I’ve often wondered how someone I’ve never met in real life could be so gentle with me. From the very beginning, you treated me with a kindness I didn’t even know I was missing. Your words found me when my mind was loud and restless, when everything felt like too much. Even on days I was barely holding myself together, your comments would soften something inside me, if only for a moment, and let me breathe.
Lately, things have been difficult. Academically, and in ways that feel much deeper than that. I tried to cope the best I could, but I’m tired now. It feels like I’m standing at the edge of something, afraid that if I lean even a little, I’ll fall and won’t have the strength to stand again. The people around me haven’t made it easier. Everyone seems to take what they want and leave, and my thoughts spiral endlessly in the quiet that follows.
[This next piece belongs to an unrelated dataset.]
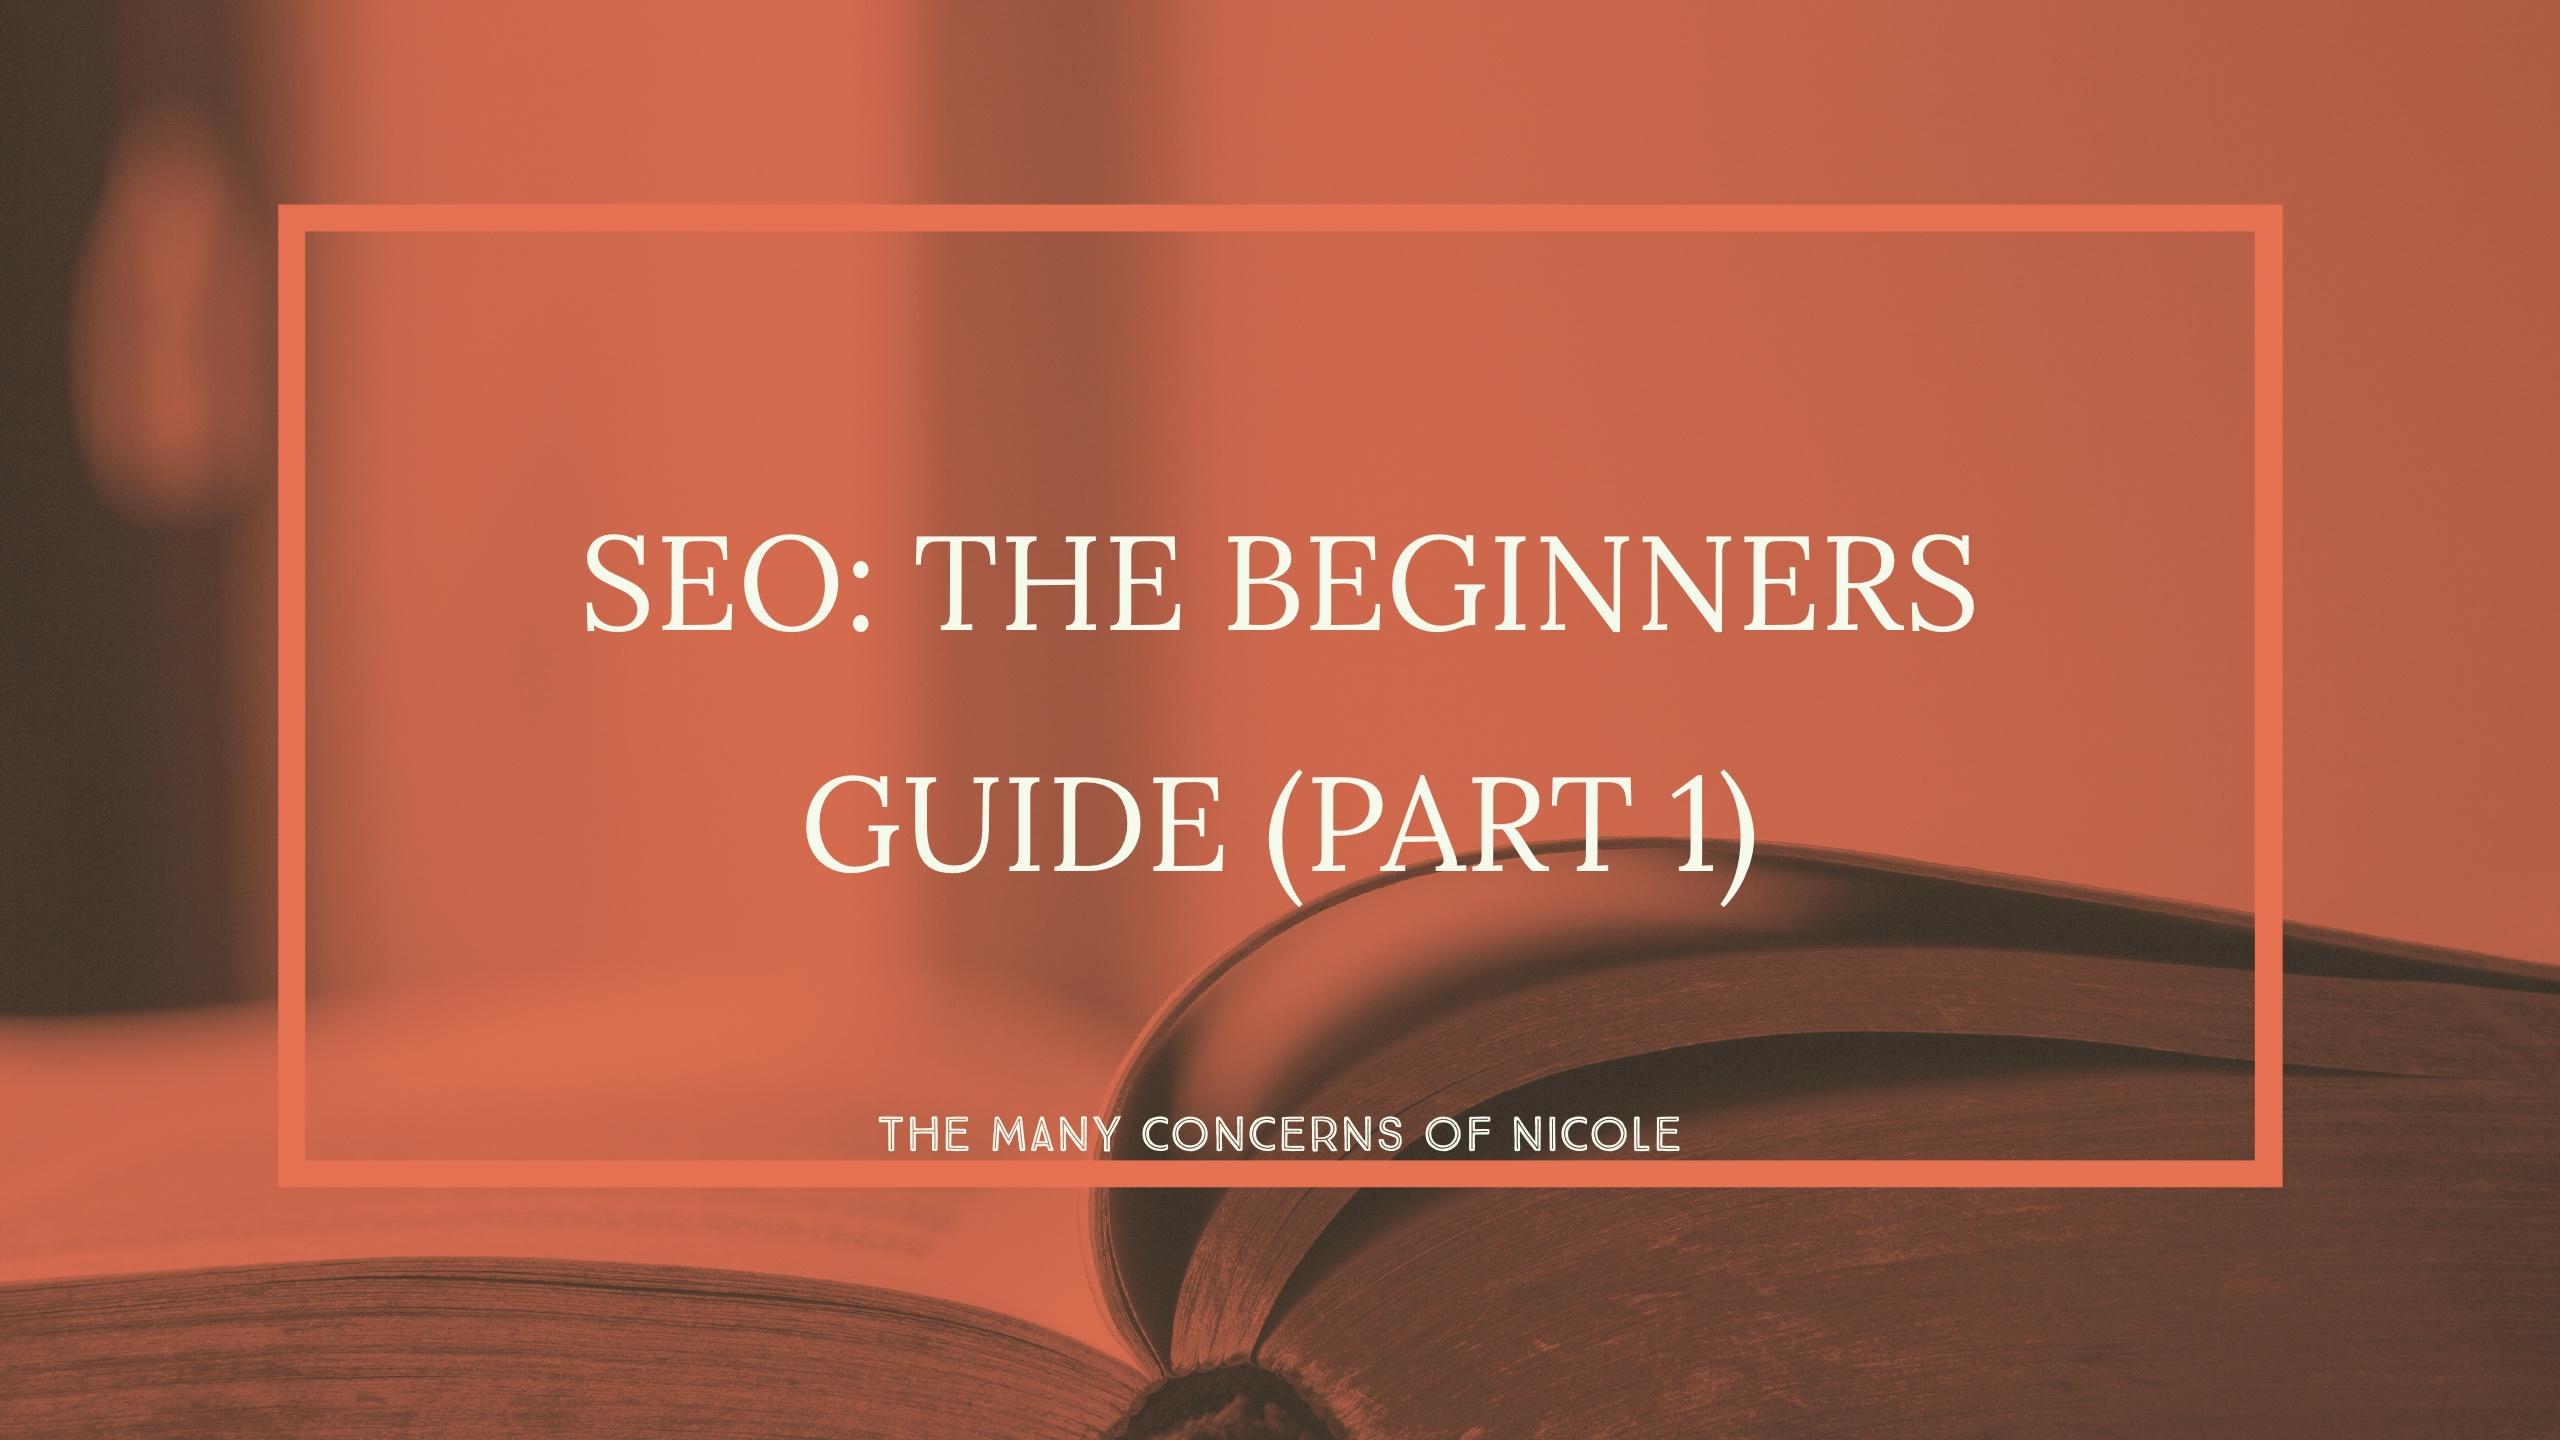 SEO beginners guide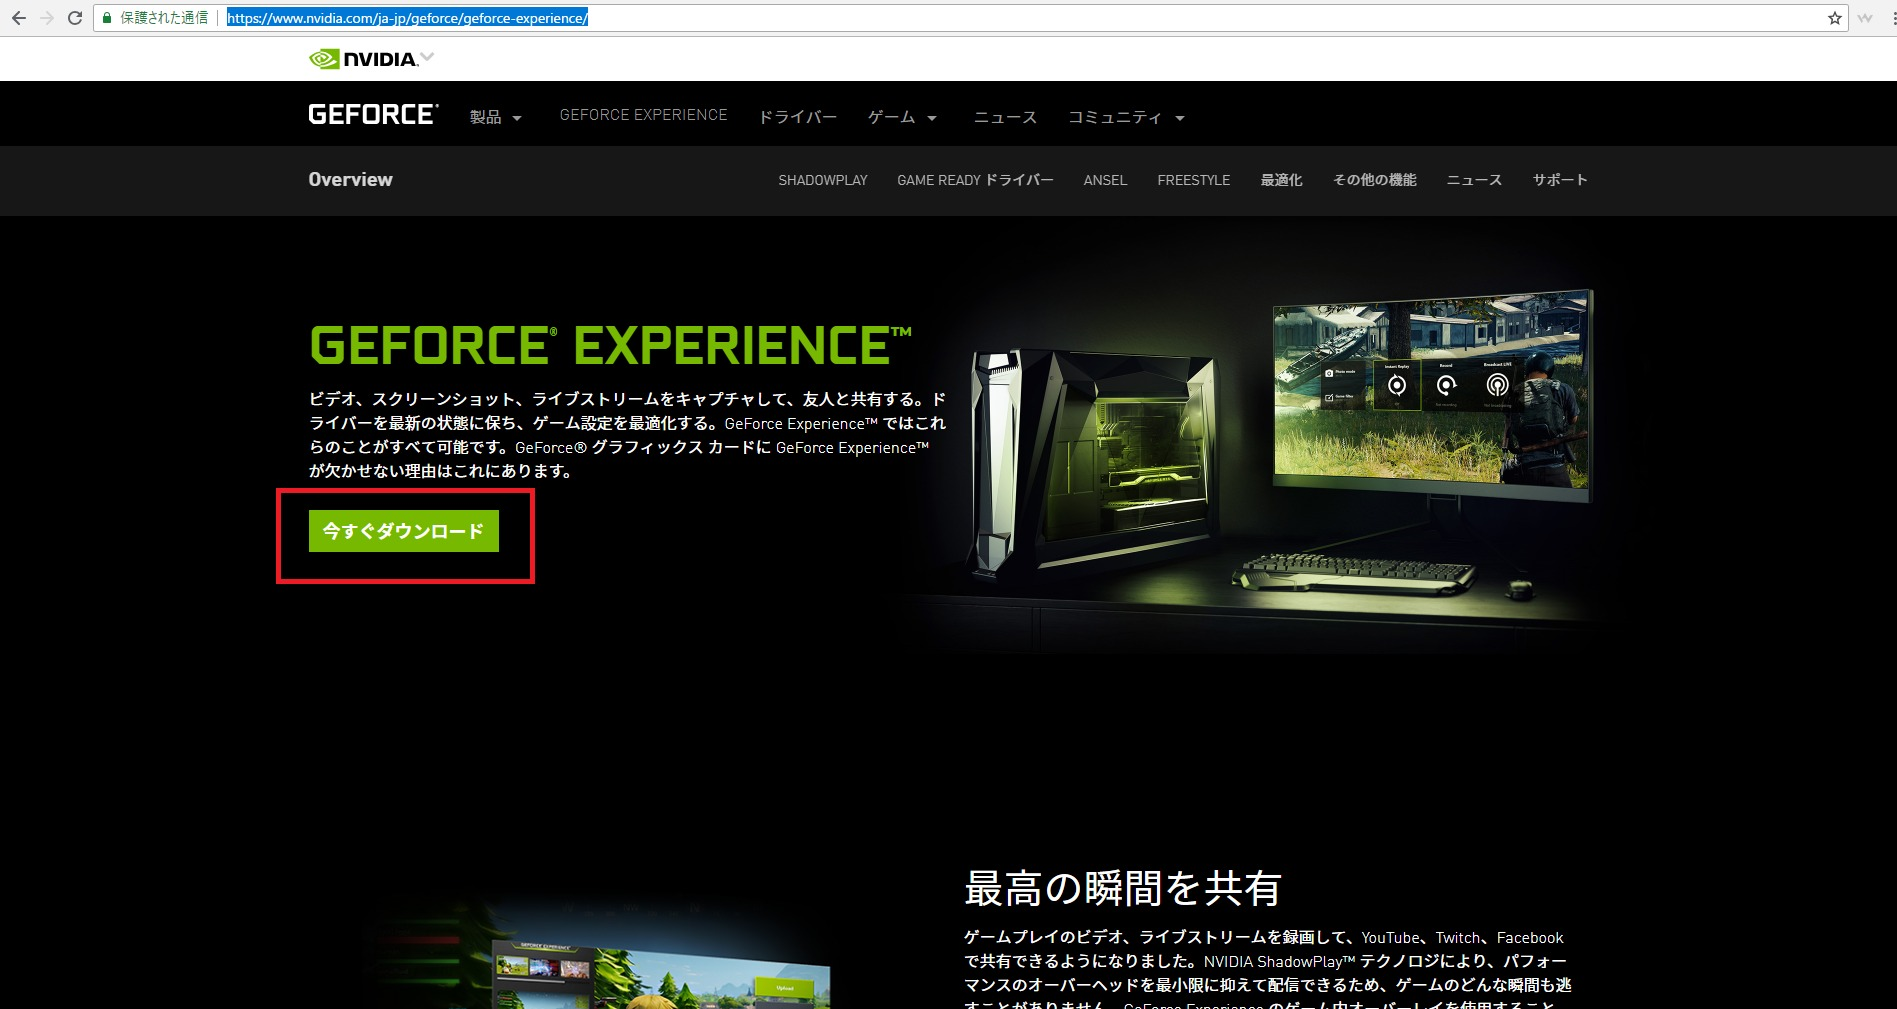 eForce Experienceのダウンロード1

I know — logically — that none of this defines my worth. I know I deserve better. But knowing something doesn’t always stop the hurt. It’s far too easy to turn that pain inward, to blame myself for everything. Sometimes, even my family adds to that weight without realizing it. I’ve never really had people who understood me, and somewhere along the way, I accepted that this might just be how things are—that I might always be alone in that sense.
I’m sorry for rambling. I think I’ve been doing that a lot lately: overthinking until my thoughts blur together.
What I really wanted to say is this: you have been incredibly precious to me. Your kindness, your words, the way you show up so gently, they mean more to me than I know how to explain. Sometimes they move me to tears, not out of sadness, but because they remind me that warmth still exists somewhere.
Please don’t be disheartened. I’m not disappearing forever. I love writing too much to abandon it, and I love SEVENTEEN even more. And yes, I love you too, in the quiet, sincere way that holds gratitude and care.